There is another “Iron Lady” on the other side of the Atlantic Ocean.
That nickname, given to Britain’s Margaret Thatcher, is being shared by Germany Chancellor Angela Merkel, according to European press reports. Merkel and Germany hold the key to resolution of Europe’s economic crisis. Germany has the strongest economy in Europe, and its assistance is vital to keeping other countries financially afloat. Merkel certainly is respected, but her tone has not made her overly popular.
Merkel has been especially firm with Europe’s No.1 problem — Greece. Last month she said that if Greece does not honor its obligation to cut back on government spending, “it will not be possible to pay out the next tranche,” of the money Greece needs to avoid a financial collapse.
In addition to the “Iron Lady,” some in Europe have taken to calling Merkel “the school mistress.” She followed Spain’s efforts at monetary reform “with exceptional attention,” and when the negotiations were complete, she praised Spain’s Minister President Mariano Roy. She called the agreement with labor unions in which salary and benefits were decoupled from inflation “magnificent.” Her words were taken as a blessing by Spaniards and others in the European Community. Interestingly, Germany’s major newspaper noted that the feat was nothing new. Said the Frankfurter Allgemeine Zeitung, “Such agreements had been commonplace for a long time; presidents and leaders from France, Italy, Austria, Portugal, and Belgium had already submitted their reports.”
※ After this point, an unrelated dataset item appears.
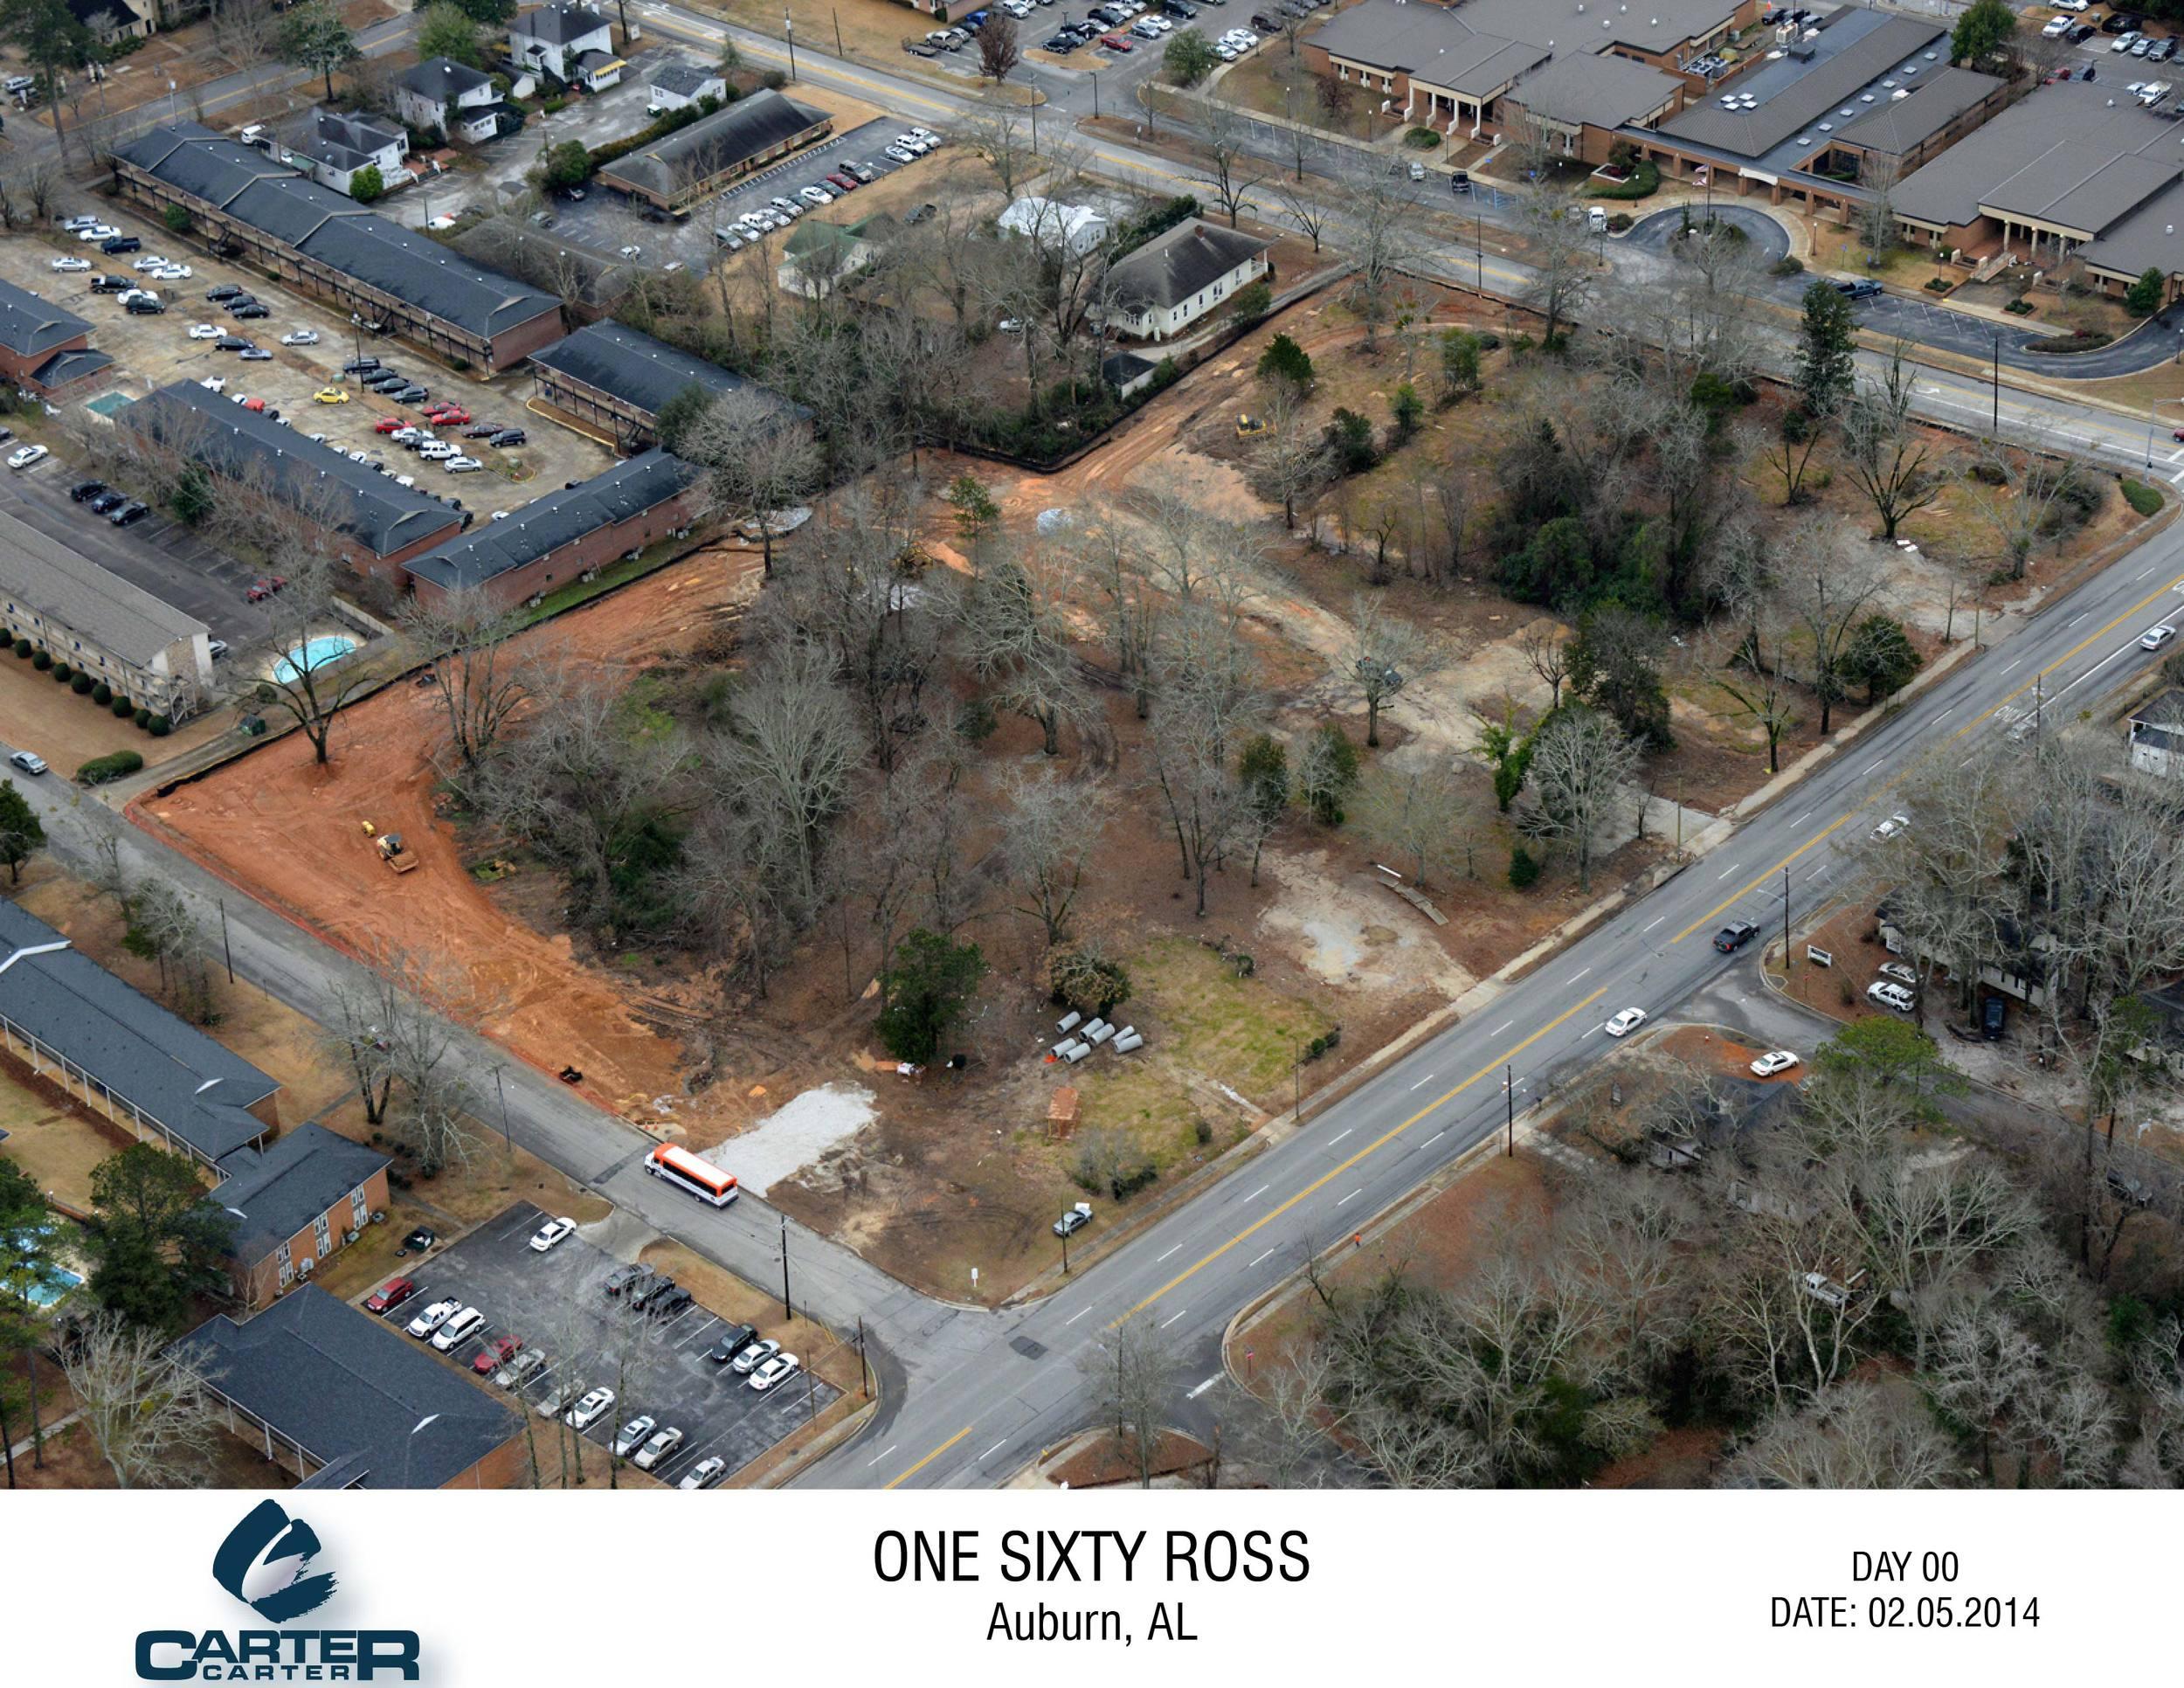 One Sixty Ross 1402050051-CC.jpg

On Jan. 30, the EU’s leaders met in Brussels for a special summit. In this case, Merkel did not talk just about spending, although that was important. Instead she emphasized “growth and industry.” She was clearly focusing on “painful reforms along the lines of the German model — a German program for the entire continent. Merkel’s advisers argued that they did not expect everyone in Europe to follow the German lead, maintaining that other governments know their weaknesses and strengths. However, it is noteworthy that Merkel has been repeating at every opportunity the importance of the economic reforms instituted under her predecessor, Gerhard Schroeder. “These reforms have been in effect only 2-3 years, and today we have less that 3 million unemployed.”
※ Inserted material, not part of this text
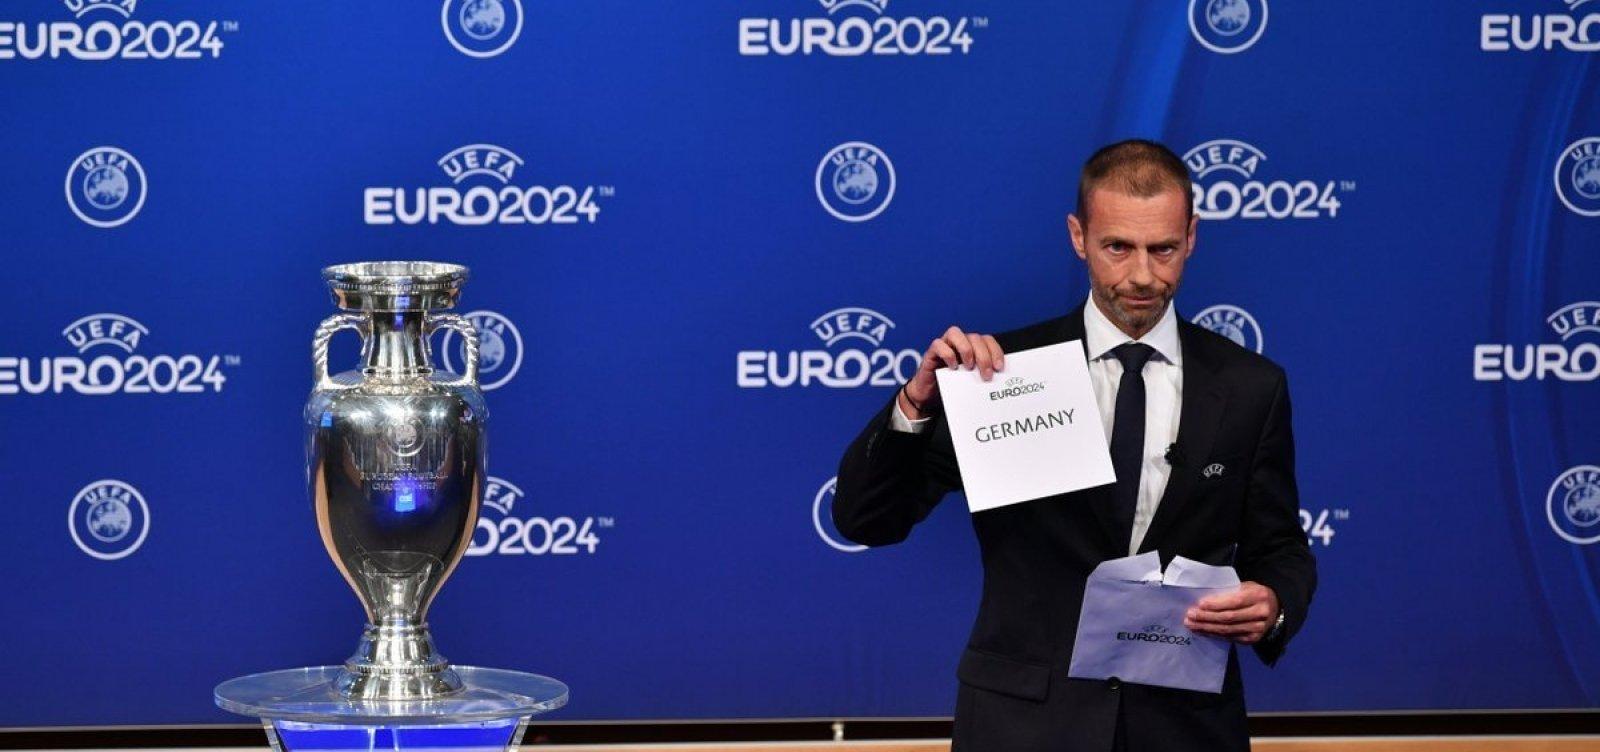 [Alemanha é escolhida como sede da Eurocopa 2024]

Merkel seems happy with her new role in Europe. She said, “We in Europe are at a point where our external policy slowly overtakes our internal policies.” Indeed, she believes the problems Europe faces can no longer be dealt with diplomatically.
She also showed she was prepared to be undiplomatic. Merkel proposed creating a “budget commissar,” who would watch over how Athens handles its money in return for a new 130 billion euro bailout. The Greeks were outraged. Greece’s finance minister, Evanglos Venizelos, said such an arrangement would force Greece to choose between financial assistance and “national dignity.” He claimed that the EU already had sufficient monitoring safeguards in place.
Merkel is in a strong position domestically. German are tired of hearing the Greeks complain about the austerity measures the EU demands, and many regard Greece’s predicament as Greece’s fault. To the average German, Greeks don’t work hard and yet seem to expect the rest of Europe to subsidize their life style. Instead, most Germans believe it is about time someone forced the Greeks to begin earning a living and stop expecting Germany to constantly bail them out of the consequences of their social welfare system.
It is unclear how the EU will solve Greece’s financial problems. Nor is it certain that a deal with Greece will solve the EU’s problems. Portugal appears about to follow Greece into insolvency, and some Belgian workers are striking over wage cuts. Even France, led by Merkel’s all,y President Nicolas Sarkozy, is experiencing serious financial problems. Germany, however, is doing just fine.
Merkel has become the most powerful political and economic figure in Europe, where international and domestic worlds are increasingly interlocked. Ironically, one now hears complaints from countries like Greece that the Germans will accomplish financially what they couldn’t do militarily in World War II. Maybe that is true, but whose fault is it? In my view, the Greeks should look in the mirror.
Dale R. Herspring, a University Distinguished Professor, and a member of the Council on Foreign Relations, is a retired U.S. diplomat and Navy captain.